*** Given data ***

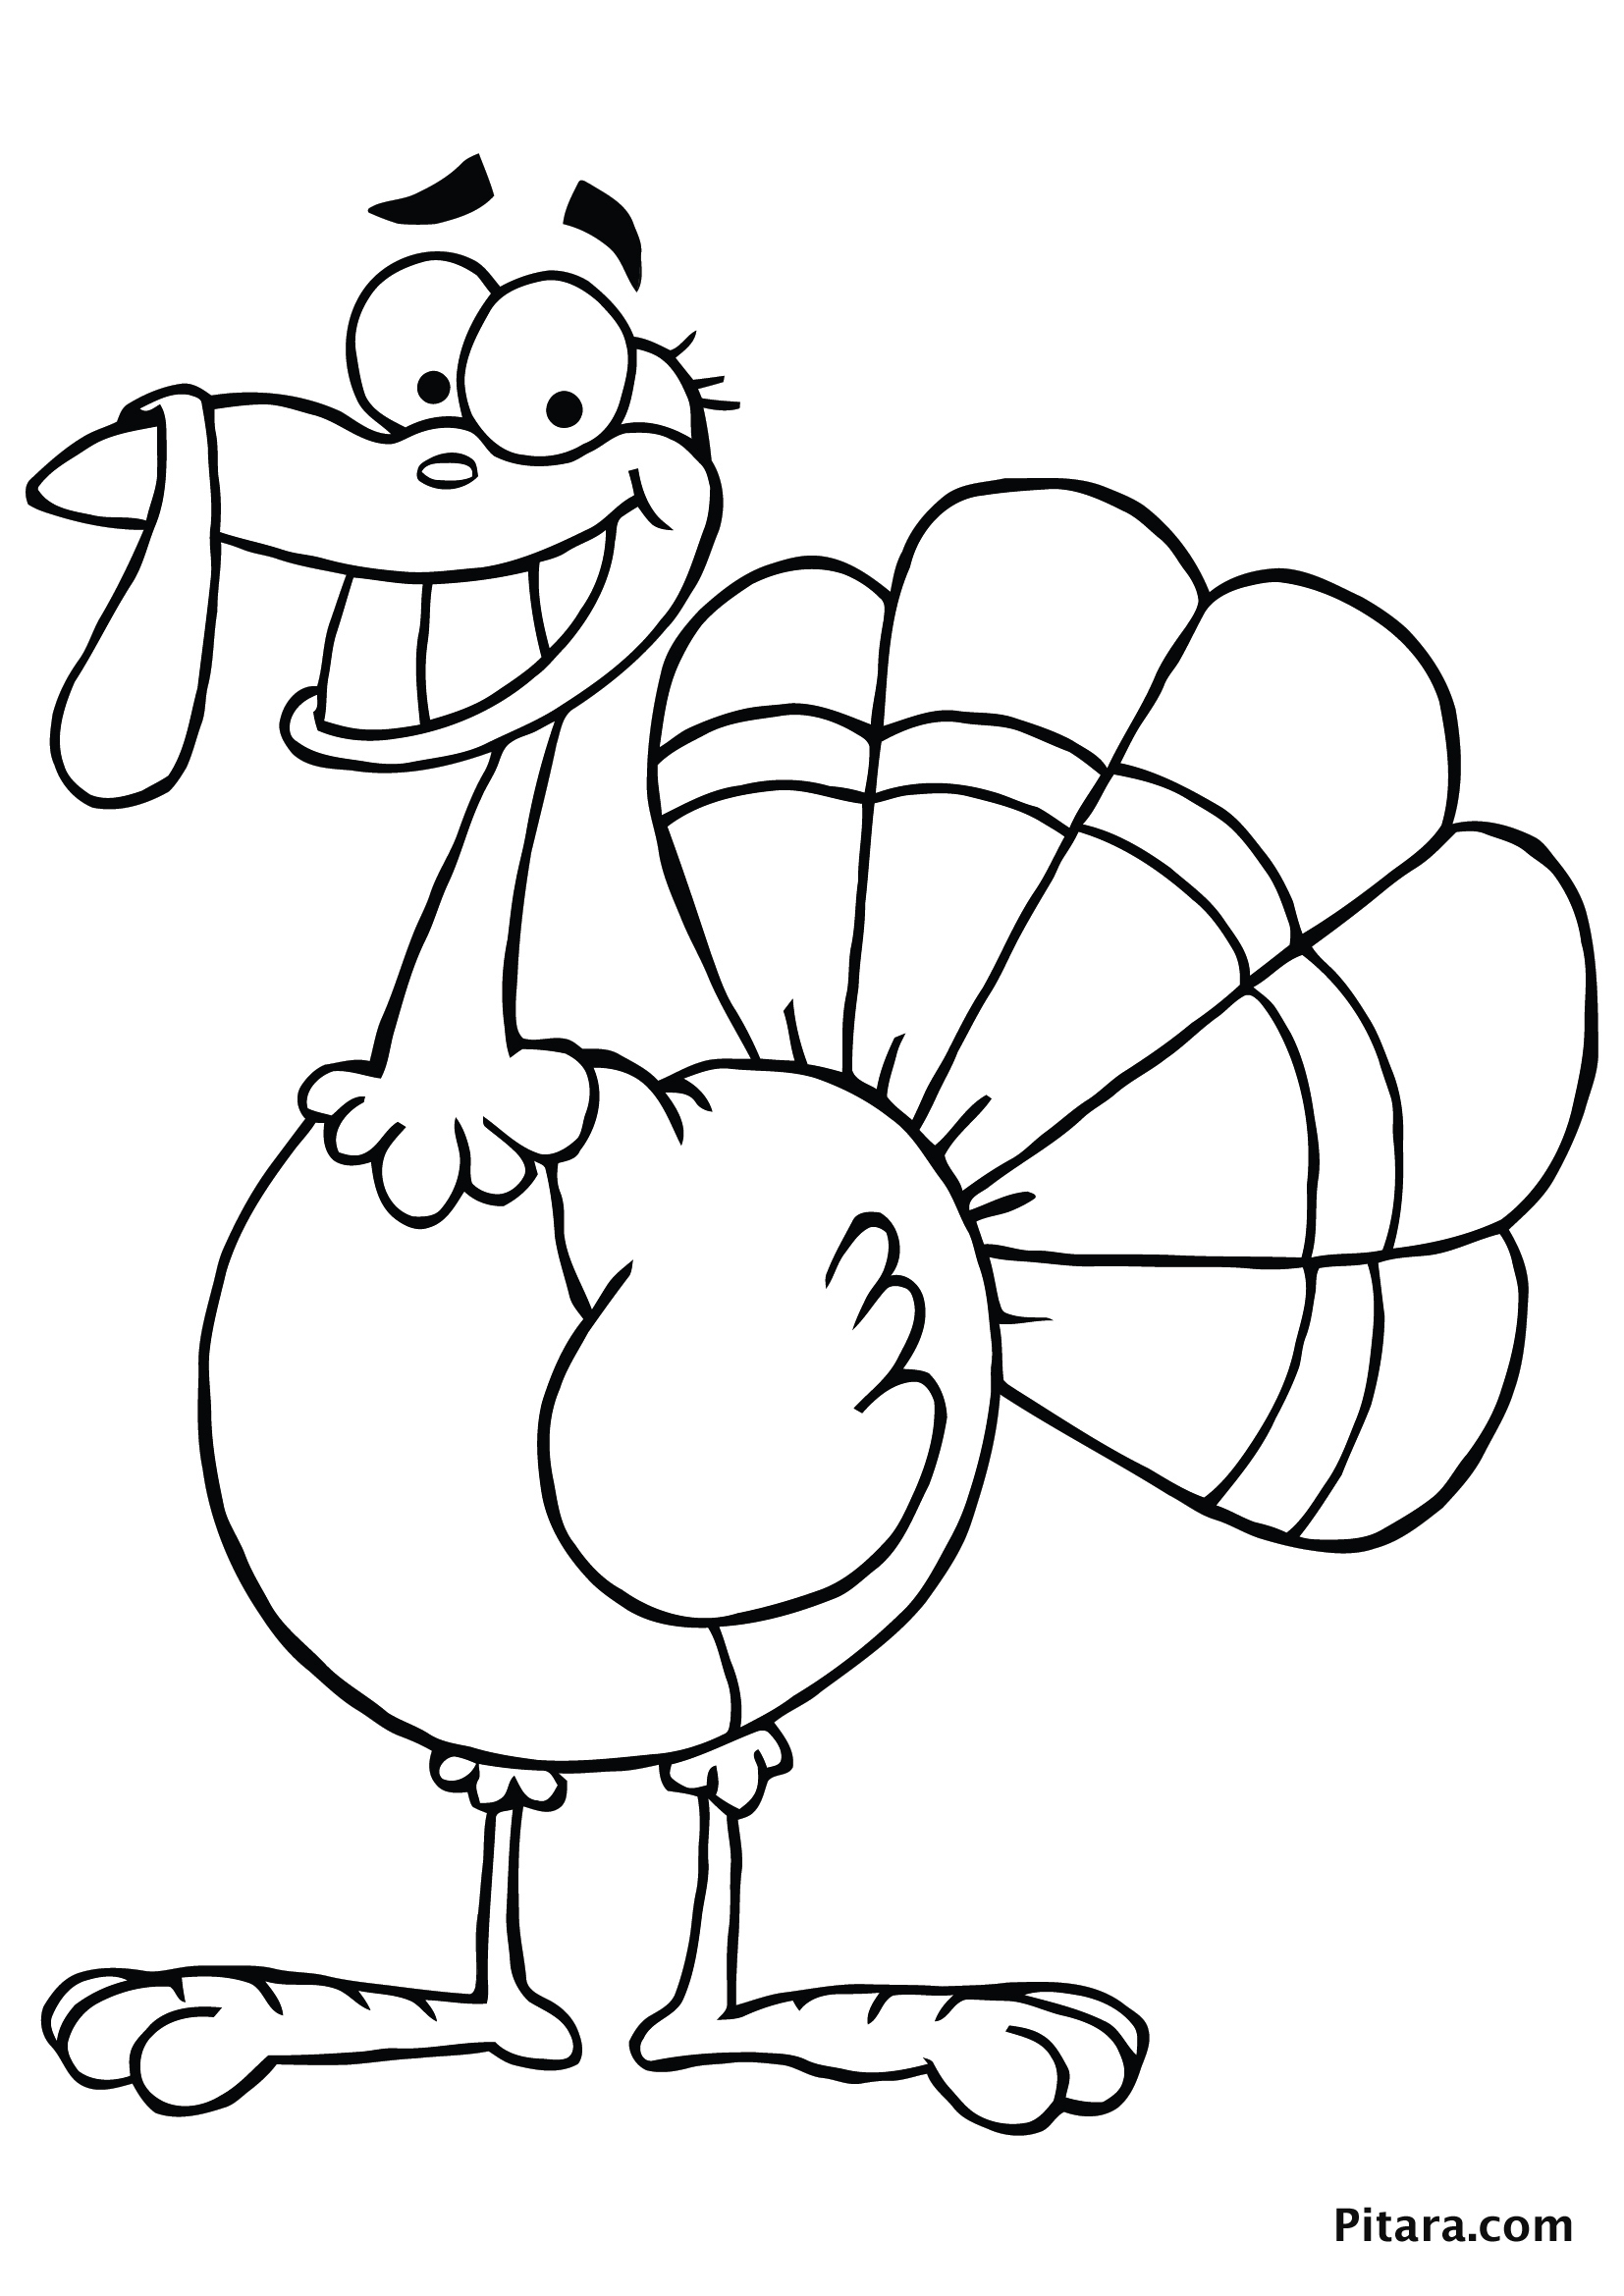 Turkey Coloring Pages for Kids Pitara Kids Network
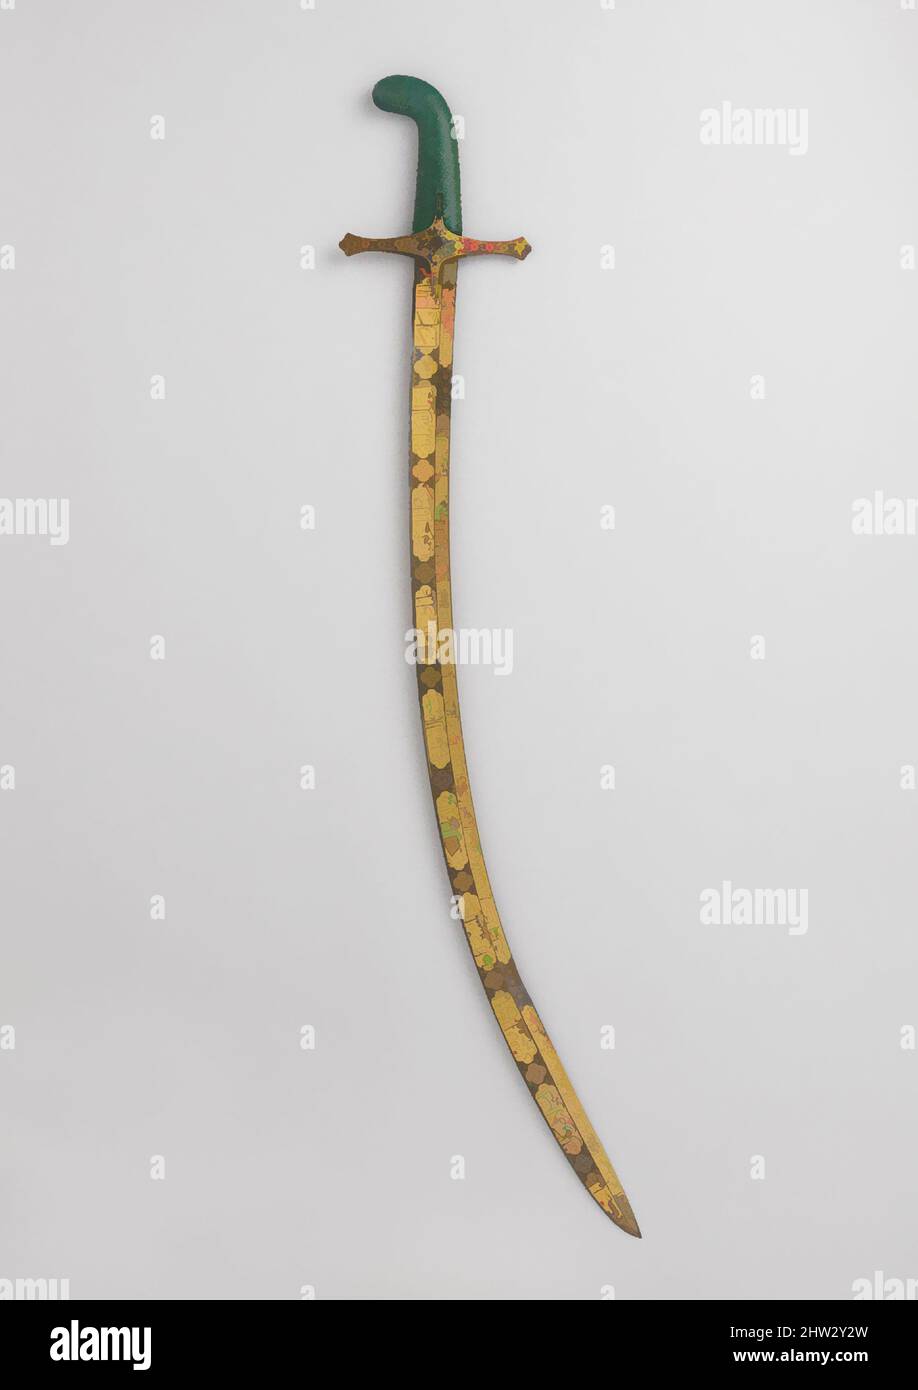 Art inspired by Saber, 1522–66, probably Istanbul, Turkish, probably Istanbul, Steel, gold, fish skin, wood, L. 37 7/8 in. (96.2 cm); L. of blade 30 3/4 in. (78.1 cm); W. 6 1/8 in. (15.5 cm); Wt. 2 lb. 5 oz. (1049 g), Swords, This saber is fitted with one of the finest and best-, Classic works modernized by Artotop with a splash of modernity. Shapes, color and value, eye-catching visual impact on art. Emotions through freedom of artworks in a contemporary way. A timeless message pursuing a wildly creative new direction. Artists turning to the digital medium and creating the Artotop NFT Stock Photo
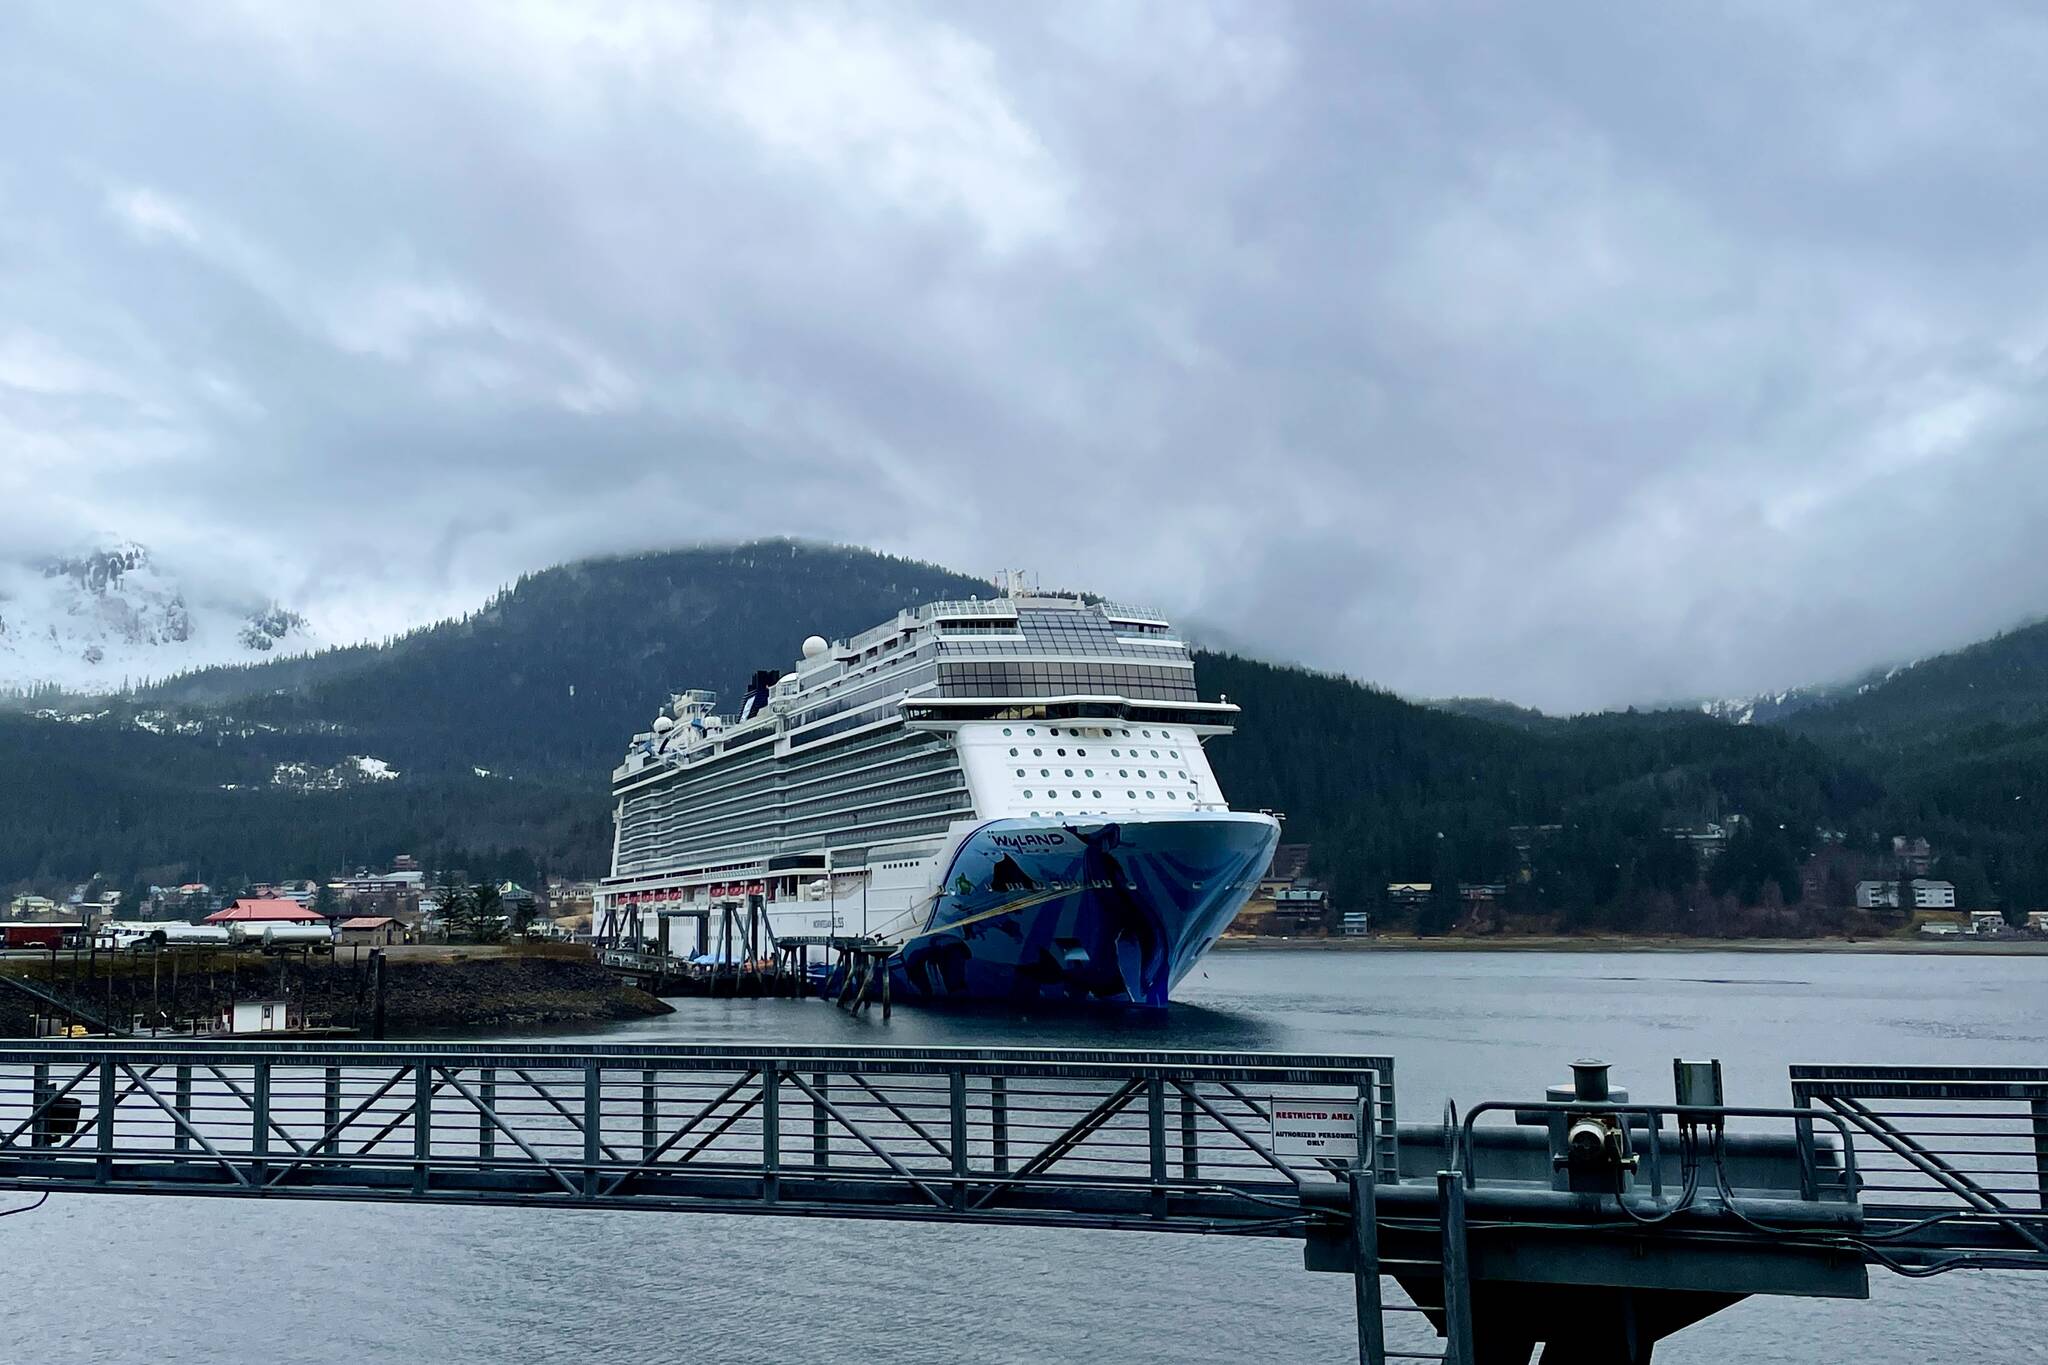 Michael S. Lockett / Juneau Empire
The Norwegian Bliss arrives Monday in Juneau, the first cruise of the 2022 season.

***

*Exercise*
Strip out the pictures and reproduce the remaining material above exactly.

*Written response*
 Turkey Coloring Pages for Kids Pitara Kids Network
 Art inspired by Saber, 1522–66, probably Istanbul, Turkish, probably Istanbul, Steel, gold, fish skin, wood, L. 37 7/8 in. (96.2 cm); L. of blade 30 3/4 in. (78.1 cm); W. 6 1/8 in. (15.5 cm); Wt. 2 lb. 5 oz. (1049 g), Swords, This saber is fitted with one of the finest and best-, Classic works modernized by Artotop with a splash of modernity. Shapes, color and value, eye-catching visual impact on art. Emotions through freedom of artworks in a contemporary way. A timeless message pursuing a wildly creative new direction. Artists turning to the digital medium and creating the Artotop NFT Stock Photo
 Michael S. Lockett / Juneau Empire
The Norwegian Bliss arrives Monday in Juneau, the first cruise of the 2022 season.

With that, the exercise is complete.